The end of week for marked the half way point of the structured curriculum portion of the program. The entire cohort is starting to get the drill down. Learn about a topic in the morning, impliment it by hand to see the nuts a bolts, and then finish up with the sklearn version to validate our results. Supervised Learning is all about classifying data to a category, or most often, to a 0 or a 1. For example, if you have data about high school students and you know if they got into college or not, you can use a model to predict whether a current high school student will get into a college.
Topics of the week:
For our code sample this week we are going to use Random Forests on a cell phone data set. We are going to try and predict if customers will churn or not based off of their cell usage statistics.

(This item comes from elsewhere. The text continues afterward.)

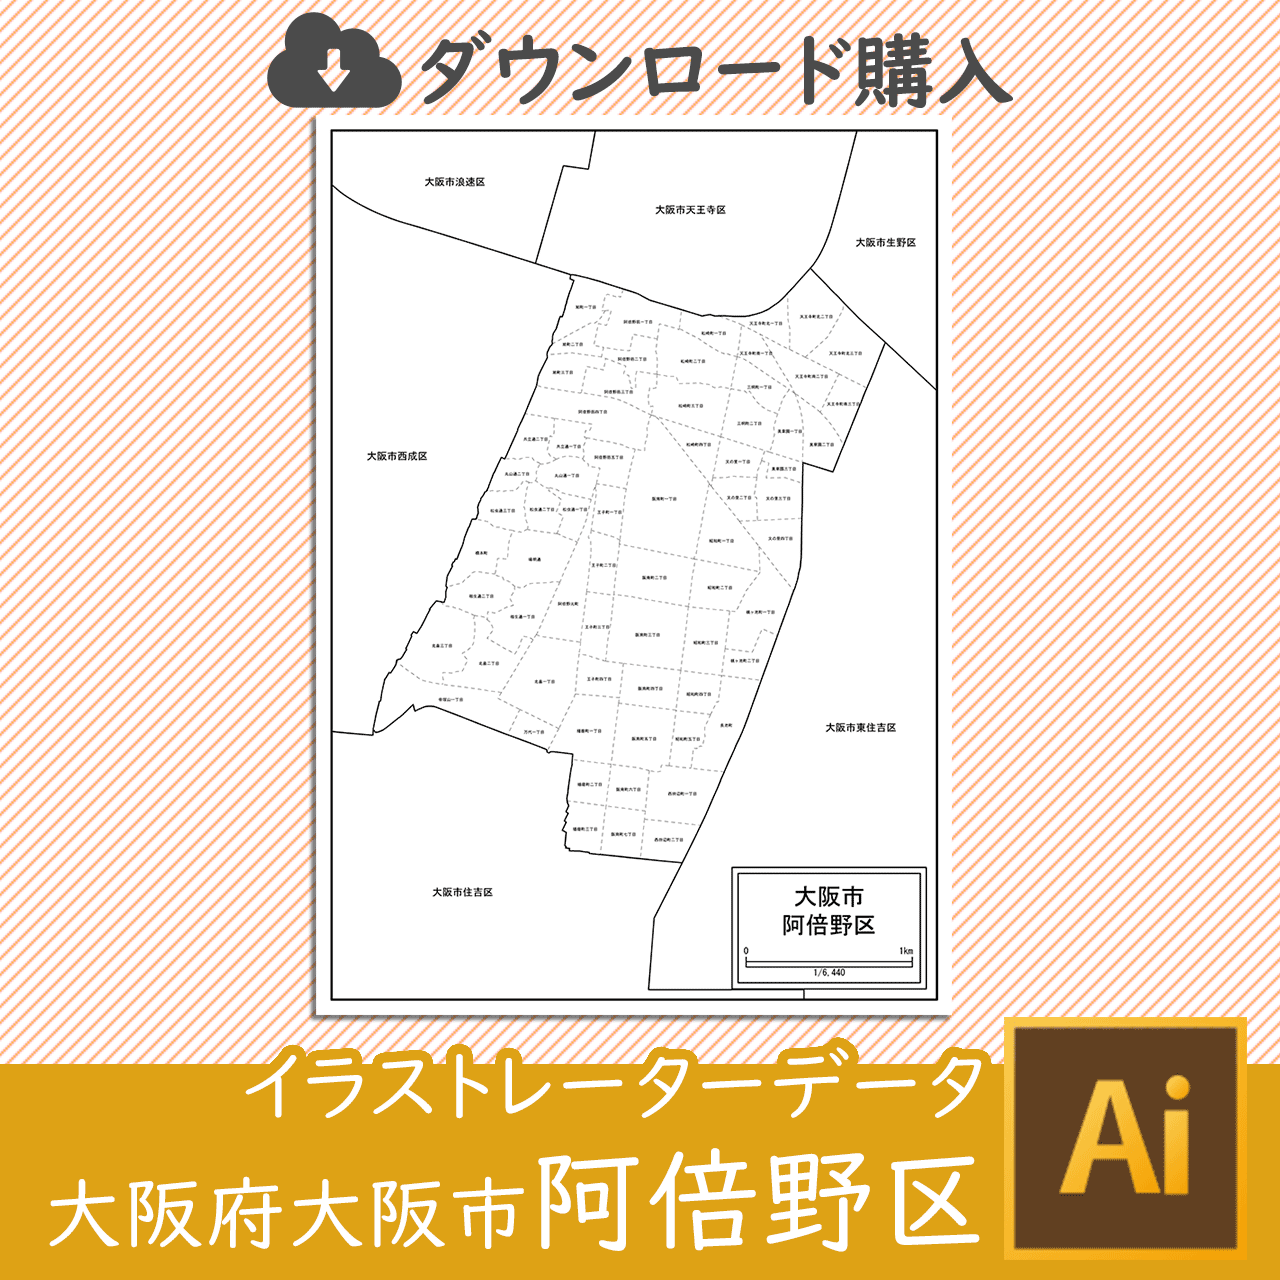 大阪市阿倍野区のaiデータのサムネイル画像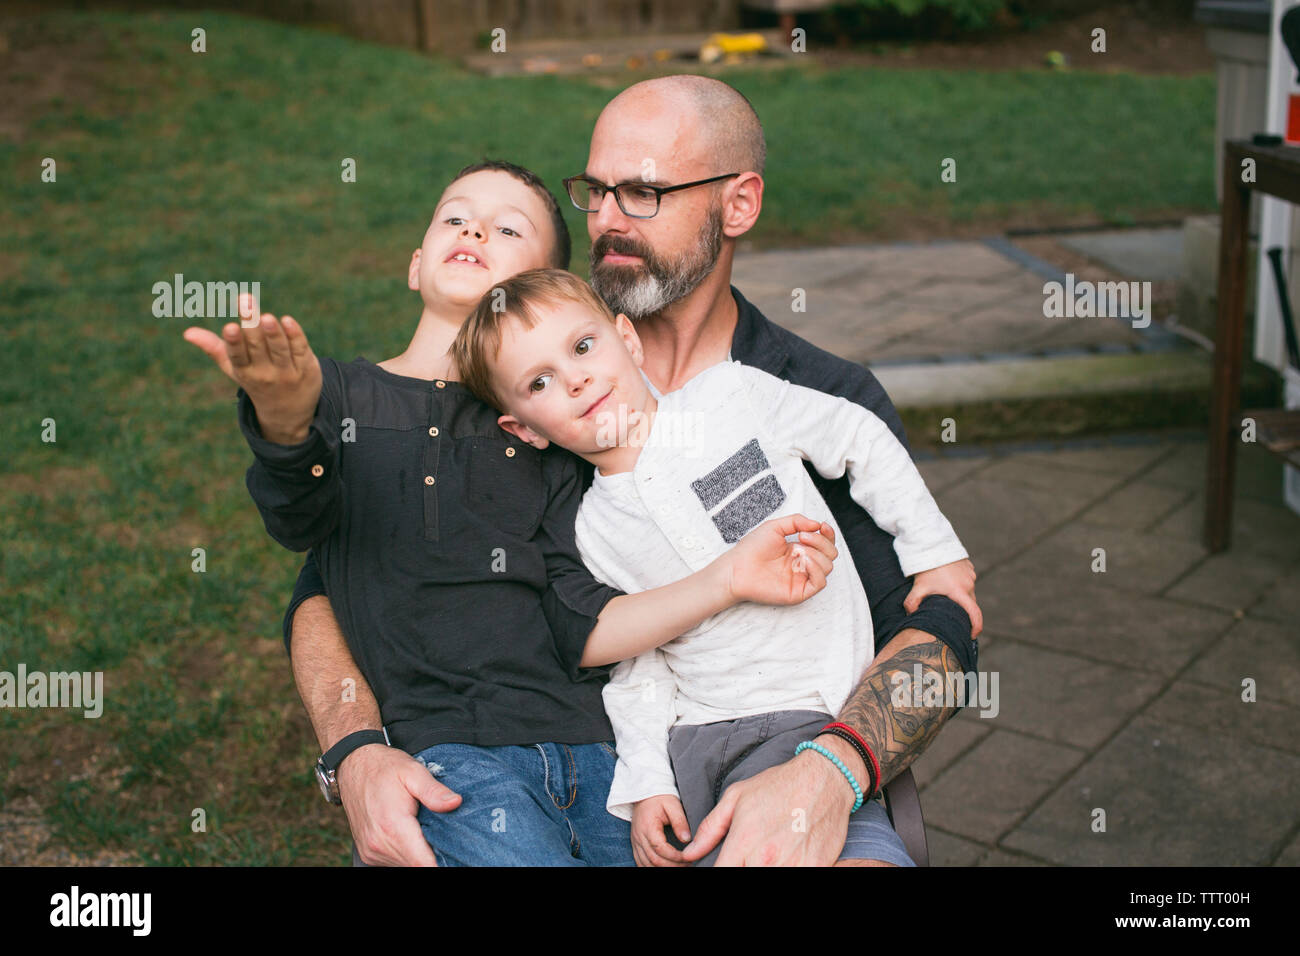 Ein glücklicher Vater hält seine beiden kleinen Kinder in seinen Schoß. Stockfoto

Lets import our packages and see what our data looks like
import pandas as pd
import matplotlib.pyplot as plt
from roc import plot_roc
from sklearn.cross_validation import train_test_split
from sklearn.ensemble import RandomForestClassifier
from sklearn.metrics import confusion_matrix
%matplotlib inline
df = pd.read_csv('data/churn.csv')
df["Int'l Plan"] = df["Int'l Plan"].apply(lambda word: word == 'yes')
df["VMail Plan"] = df["VMail Plan"].apply(lambda word: word == 'yes')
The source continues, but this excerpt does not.